Она встала и мягко положила ему руки на плечи.
– Неприятности? Изнервничался на заседании? Отдохни. Посидим здесь. Отложи, завтра напишем.
– Нет, нельзя.
Он взял её руки в свои огромные лапы, как берут птенца, осторожно, чтобы не раздавить.
– Видишь ли, я думаю, что обязан тебе об этом сообщить. Я должен отдать под суд твоего мужа.
– А за что? Или это секрет?
– Нет, к сожалению, это ни для кого не секрет. И оснований слишком много.
– Именно?
– Прежде всего за сознательное разложение сектора механизации, иными словами, за срыв всего строительства. Это достаточное основание.
– И ты полагаешь, что это исключительно его вина и что это с его стороны сознательное преступление?
– Совершенно уверен. Я слишком долго глядел на это сквозь пальцы, пока другие не собрали и не представили мне материала, раскрывающего всю его работу.
– Другие – это кто? Синицын?
– Это безразлично. Собраны сведения с его предыдущего места работы, где только своевременный отъезд позволил ему избежать суда.
– Ты не знаешь, это было до речи Сталина. Там его травили как беспартийного специалиста.
– Здесь его не травили, – наоборот, предоставили самую широкую свободу действий, которой он не преминул соответствующим образом воспользоваться.
– Ошибаешься, уверяю тебя. Знаю даже, кто наговорил: Синицын. Он терпеть не может Немировского.
– Не говори глупостей.
– Это ты говоришь глупости. Не сердись, но мне смешно слушать. Поверь мне, я, кажется, достаточно хорошо знаю Немировского и никак не могу представить его в роли политического вредителя, этакого романтического злодея. Это просто нелепо. Немировский – типичный спец, спец-середняк, без особого энтузиазма к строительству социализма, но вполне лояльный. И самое главное – ходячая посредственность, физически неспособная на активное сопротивление окружающей среде, даже на мало-мальски самостоятельное решение, – на всё, что требует от человека какой-то доли гражданского мужества. Он, во-первых, безумно труслив, политики боится, как огня. Он умер бы, наверное, от страха, вообразив себя на минуту впутанным в политический заговор.

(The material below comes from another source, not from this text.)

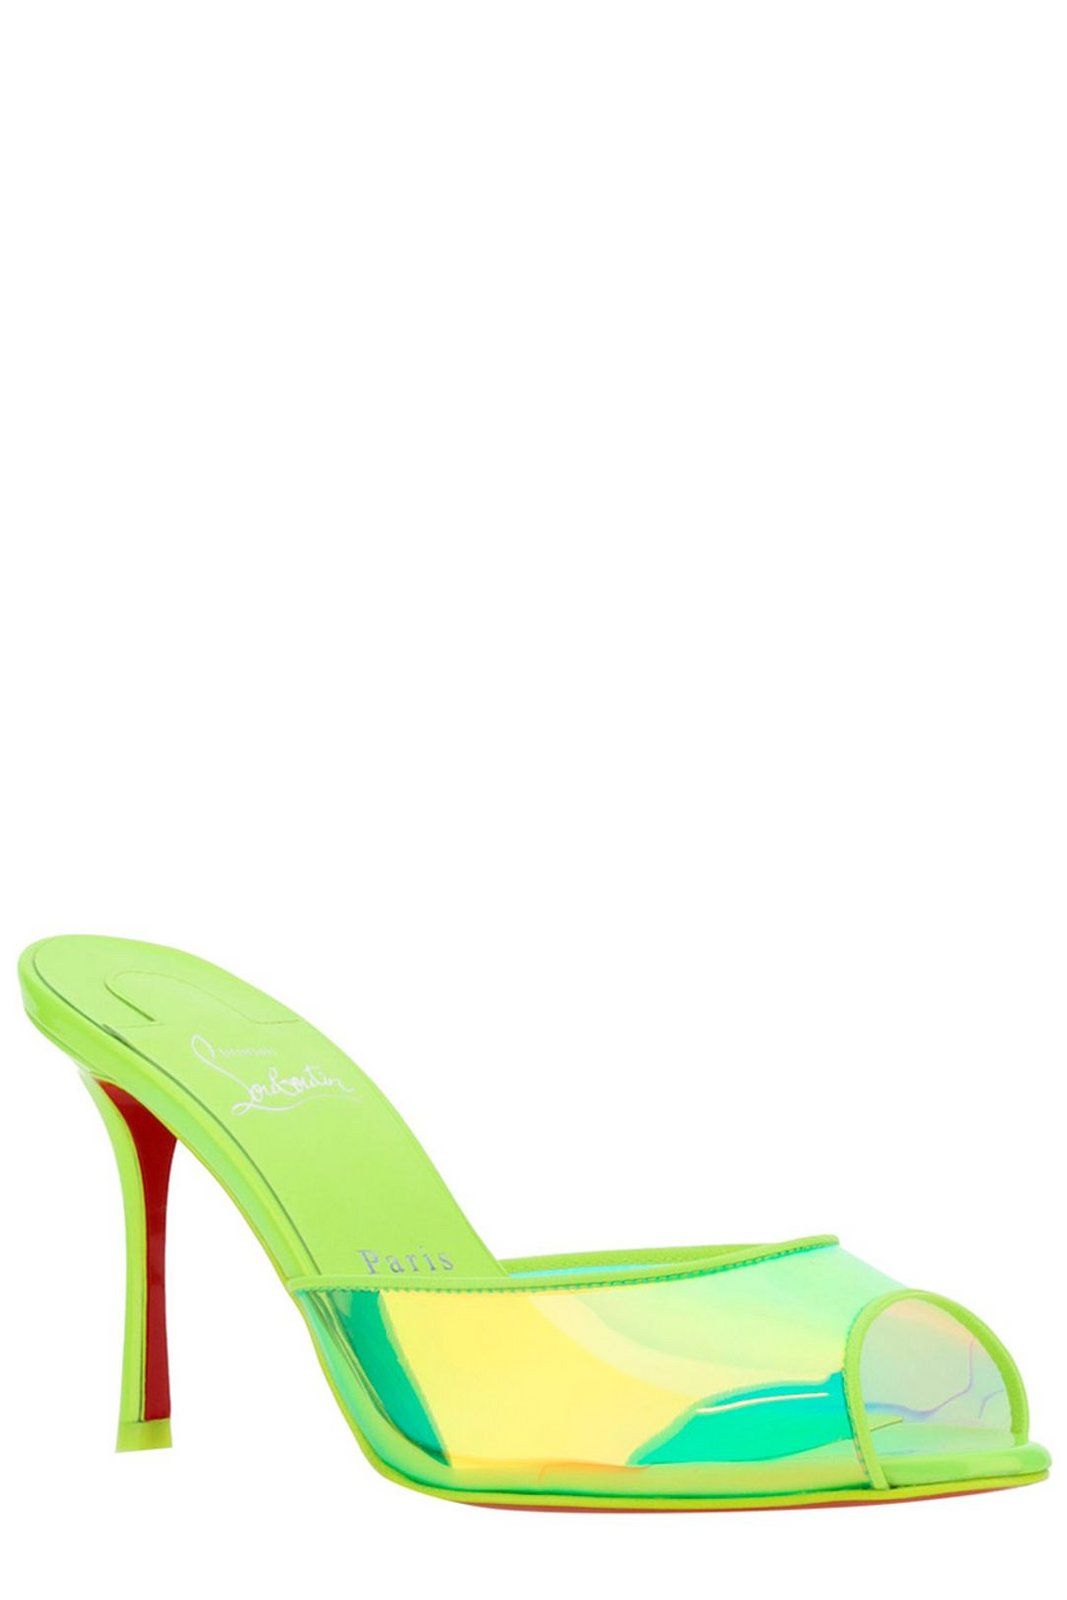 Christian Louboutin Me Dolly Slip-On Sandals | Cettire Global

– Это меня мало интересует. Действовал ли он в сговоре, или по собственному почину, это покажет следствие.
– Да, но само обвинение нелепо. Он мог напутать, не справиться, наконец даже плохо работать, но никогда не поверю, чтобы он сознательно что-либо разлаживал с твёрдой целью повредить строительству.
– Ты будешь иметь возможность всегда высказать своё субъективное мнение. К сожалению, у нас привыкли считаться с фактами, а фактов не опровергнешь никакой психологией.
– Но ведь нелепо же обвинять невиновного человека! Это компрометирует только обвиняющих.
– Я вижу, что инженер Немировский нашёл в тебе очень рьяную защитницу.
– Не могу же я только потому, что с ним больше не живу, радоваться или даже молчать, когда невиновного человека, все недочёты которого я превосходно знаю, хотят посадить в тюрьму, обвиняют в преступлении, к которому он не способен. Это была бы с моей стороны подлость.
– Так… А знаешь, люди полагают, что он сознательно подсунул мне тебя и закрыл глаза, чтобы связать мне руки.
– Не знаю, с каких это пор ты стал принимать во внимание, что говорят пошляки. Как это Немировский мог меня подсунуть? Что я – вещь? И это говорит коммунист!
– На предыдущей работе инженера Немировского ситуация была почти тождественная.
– Я не знала, что ты собираешь материал по истории моих бывших связей. Надо было обратиться непосредственно ко мне, я бы тебе дала более исчерпывающие сведения, из первоисточника. Я никогда, кажется, не разыгрывала из себя девственницы и не клялась, что до тебя у меня не было любовников. Думаю, отчёта в этом я никому давать не обязана.
– Просто любопытно, что любовники твои вербуются всегда из начальников твоего мужа и твои любовные увлечения замечательно совпадают с интересами инженера Немировского.
– Хочешь меня оскорбить? Это тебе не удастся. Я вижу тебя насквозь. Ты просто ревнуешь меня к Немировскому.
– Что-о-о? Ты ещё смеешь подозревать меня в каких-то глупостях! Мне нельзя арестовать вредителя, потому что я сплю с его женой, – так, что ли?
– Не кричи. Ночь. Люди сбегутся. Подумают, что вызвал меня в контору и устраиваешь сцену ревности. И без того достаточно сплетен о нас ходит. Ну, успокойся, – она закинула ему руки на шею. – Любимый мой! Сильный! Глупенький Ник выдумал, что он Ник Картер и везде ему чудятся преступники. Истрепался, изнервничался среди подлецов. На себя стал непохож. Ну давай сядем здесь, в углу. Не будем больше говорить об этом. Ты сиди тихо и молчи. Не надо говорить. Дай рот. Вот так. Сиди смирно. Я тебе расскажу что-нибудь. Помнишь, ты меня раз спрашивал, почему у меня мизинец на левой руке вывернут? Хочешь, расскажу?
Было это ещё задолго до того, как я познакомилась с Немировским. Любила я тогда одного молодого советского учёного, климатолога, и разошлись мы с ним исключительно по моей вине. Я вернулась в театр и уехала с выездной труппой в Киев. Он остался в Москве. Я ждала, что он приедет за мной. Он заупрямился. Наконец пришло письмо. Он писал, что любит меня по-прежнему, но простить не может и жить в одном и том же городе, в одной и той же стране не сумеет. Поэтому он выхлопотал научную командировку и отправляется с международной экспедицией на Шпицберген. В конце сообщал кратко, что улетает из Москвы в Берлин такого-то числа. И хотя тон письма был сухой, суровый, эта последняя фраза звучала невысказанной надеждой, что я приеду с ним повидаться.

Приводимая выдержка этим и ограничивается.